These performance gains can be largely attributed to the underlying design of our method. Our method is constructed within a deep learning framework, effectively parsing complex trait relationships, particularly in the context of multi-gene co-regulation. Additionally, it can dynamically determine shared layers and thus is more powerful in managing intricate relationships among traits. Evidence suggests that these AD-related traits reflect different aspects of AD, and they are neither entirely correlated nor completely independent.

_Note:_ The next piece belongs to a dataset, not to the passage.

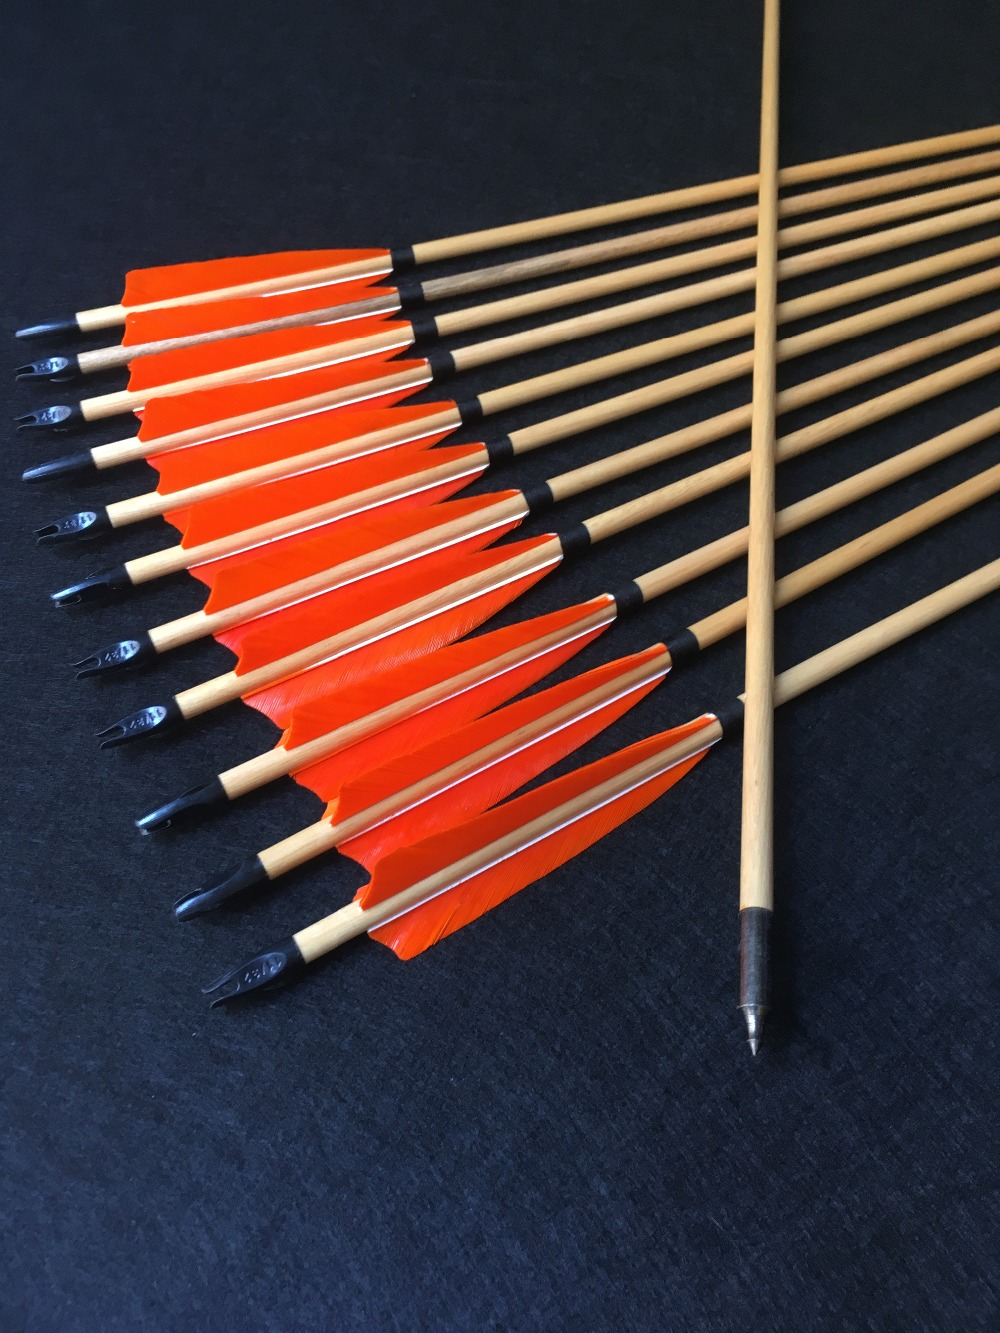 6/12 pcs tranditional wooden arrow turkey feather wood arrows archery bow hunting shooting6/12 pcs tranditional wooden arrow turkey feather wood arrows archery bow hunting shooting

For example, cognitive decline and neuroimaging abnormalities often exhibit strong genetic correlations (Zhang et al., 2021), but they do not share identical genetic causes. Therefore, methods like Multi-Lasso that rely on fixed feature selection across all tasks are unable to capture these nuanced relationships, as they do not allow for the dynamic identification of shared and unique factors between traits. Similarly, both STL and HPS models are unlikely to achieve the optimal performance, as STL fails to exploit inter-task correlations and HPS pre-specifies shared layers that lead to limited flexibility. Therefore, for the prediction of AD-related traits, our auto-branch multi-task learning method can leverage shared signals among genes or biological pathways to gain a more comprehensive understanding of these phenotypes while allowing each phenotype to have their unique characteristics, and thus offers greater flexibility as compared to Multi-Lasso, STL, and HPS.

We found that the APOC1, APOE, and TOMM40 exhibit stable and significant predictive abilities for all seven AD-related phenotypes, but their predictive capabilities vary substantially across traits, indicating HPS that forces most of the model parameter the same is unlikely to work well. All highly predictive genes are significantly associated with AD. For example, APOE4*ε4 regulates neuronal metabolism and epigenetics, and is involved in the pathological processes of AD (Prasad and Rao, 2018). APOC1 influences AD development through its role in cholesterol metabolism (Leduc et al., 2010), with the APOC1 H2 allele potentially acting synergistically with APOE to increase the risk of cognitive decline (Zhou et al., 2014). TOMM40 is strongly linked to APOE and contributes to the pathological changes in AD (Tasaki et al., 2019), including the formation of neurofibrillary tangles and neuritic plaques. TOMM40 regulates oxidative stress and mitochondrial function, and is associated with late-onset AD (Roses, 2010). We noticed that the predictive ability of APOE for FDG and AV45 is especially significant, aligning with findings from previous research (Prasad and Rao, 2018). Future studies are needed to further decipher additional factors that contribute to the variability of each phenotype.

While this study offers valuable insights into the effectiveness of multi-task learning, several limitations remain. Due to the NP-hard nature of the problem, we pre-specified the optimal number of branches and then found the corresponding partitions. Future research can improve this by determining the optimal number of branches using a data-driven manner (e.g., cross-validation). Although our method outperforms baseline approaches, factors such as limited sample size, low-to-median heritability, and trait heterogeneity may still contribute to variability and should be further explored in future work. Additionally, the findings presented in this study are based on simulated data and ADNI dataset. Future work should validate these results across diverse datasets and applications.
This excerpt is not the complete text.